The Questions of Developmental Biology

Soon afterward, the expression pattern of BMP4 and FGF8 changes, and the sites of the
tooth primordia are determined by the interactions between these same molecules in the
epithelium. FGF8 induces Pax9 expression in the underlying ectomesenchyme, while BMP4
inhibits Pax9 expression. Pax9 is a transcription factor whose expression in the ectomesenchyme
is critical for the initiation of tooth morphogenesis, and in Pax9-deficient mice, tooth
development ceases early. The only places where ectomesenchyme condense and teeth develop
are where FGF8 is present and BMPs are absent (Vainio et al. 1993; Neubüser et al. 1997). Thus,
spaces develop between the teeth.
At this time, the epithelium possesses the potential to generate tooth structures out of
several types of mesenchyme cells (Mina and Kollar 1987; Lumsden 1988b). However, this
tooth-forming potential soon becomes transferred to the ectomesenchyme that has aggregated
beneath it. These ectomesenchymal cells form the dental papilla and are now able to induce
tooth morphogenesis in other epithelia (Kollar and Baird 1970). At this stage, the jaw epithelium
has lost its ability to instruct tooth formation in other mesenchymes. Thus, the "odontogenic
potential" has shifted from the epithelium to the mesenchyme. This shift in the odontogenic
potential coincides with a shift in the synthesis of BMP4 from the epithelium to the
ectomesenchyme.
As the dental mesenchyme cells condense, they are induced to synthesize the membrane
protein syndecan and the extracellular matrix protein tenascin. These proteins (which can bind
each other) appear at the time the epithelium induces mesenchymal aggregation, and Thesleff and
her colleagues (1990) have proposed that these two molecules may interact to bring about this
condensation. Moreover, after the ectomesenchyme has aggregated, it begins to secrete BMP4 as
well as other growth and differentiation factors (FGF3, BMP3, HGF, and activin) (Wilkinson et
al. 1989; Thesleff and Sahlberg 1996). These proteins from the ectomesenchyme induce a critical
structure in the epithelium. This structure is called the enamel knot, and it functions as the major
signaling center for tooth development (Jernvall et al. 1994). This group of cells appears as a
nondividing population of cells in the center of the growing cusps. Moreover, in situ
hybridization has demonstrated that the enamel knot is the source of Sonic hedgehog, FGF4,
BMP7, BMP4, and BMP2 secretion (Figure 13.9B; Koyama et al. 1996; Vaahtokari et al. 1996a).

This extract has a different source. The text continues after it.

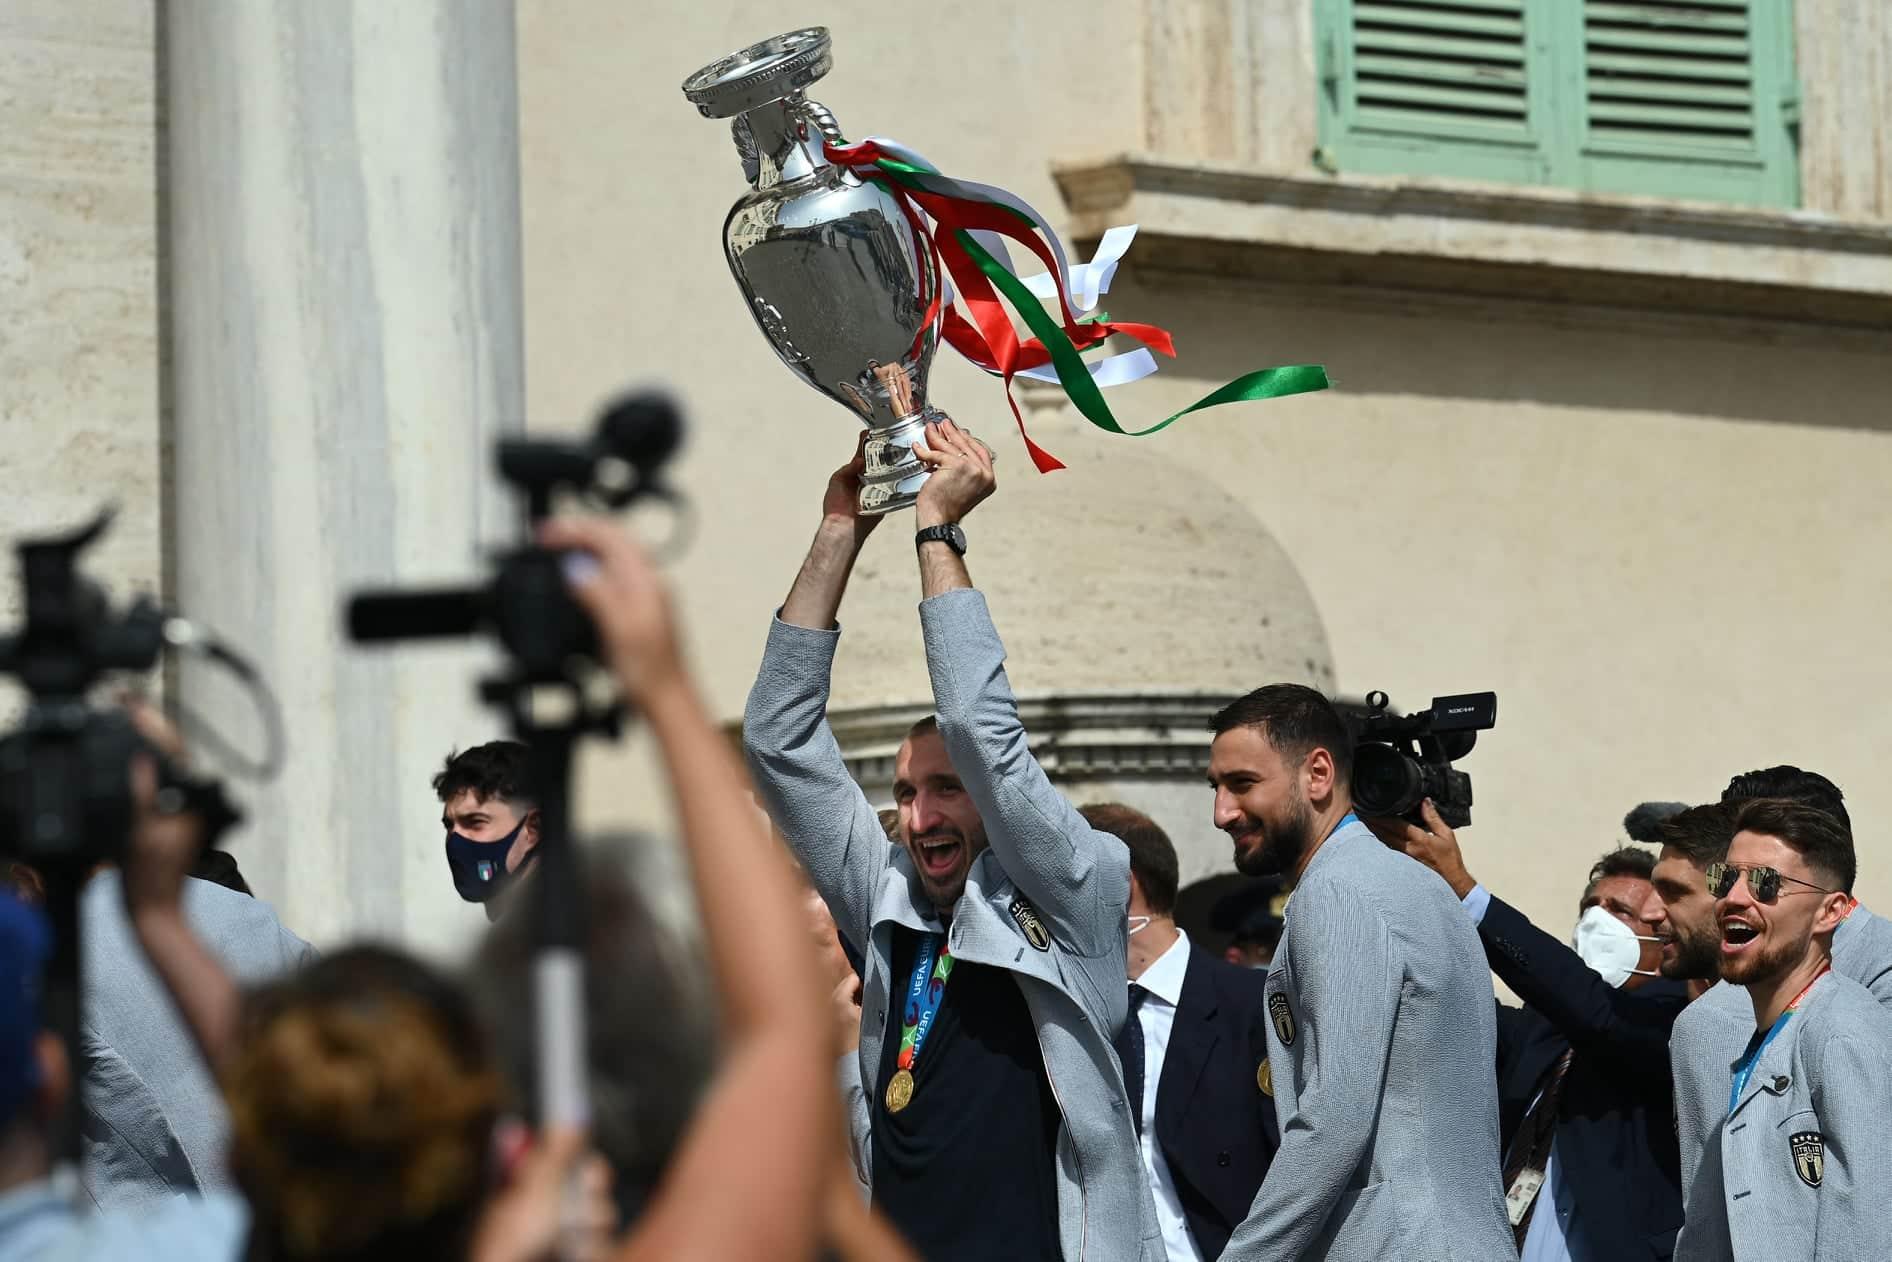 Italia Campione d'Europa, gli Azzurri ricevuti da Mattarella: emozioni al ricordo di Astori

As a nondividing population secreting growth factors capable of being received by both the
epithelium and the ectomesenchyme, the enamel knot is thought to direct the cusp morphogenesis
of the tooth and to be critical in directing the evolutionary changes of tooth structure in mammals
(Jernvall 1995).
The mesenchyme cells begin to differentiate into odontoblasts, and tenascin expression is
induced at much higher levels and at the same sites as alkaline phosphatase expression. Both of
these proteins have been associated with bone and cartilage differentiation, and they may promote
the mineralization of the extracellular matrix (Mackie et al. 1987). Finally, as the odontoblast
phenotype emerges, osteonectin and type I collagen are secreted as components of the
extracellular matrix. The enamel knot disappears through apoptosis, responding to its own BMP4
(Vaahtokari et al. 1996b; Jernvall et al. 1998). By this steplike process, the cranial neural crest
cells of the jaw are transformed into the dentin-secreting odontoblasts.
Neuronal Specification and Axonal Specificity
Not only do neuronal precursor cells and neural crest cells migrate to their place of
function, but so do the axons extending from the cell bodies of neurons. Unlike most cells, whose
parts all stay in the same place, the neuron is able to produce axons that may extend for meters.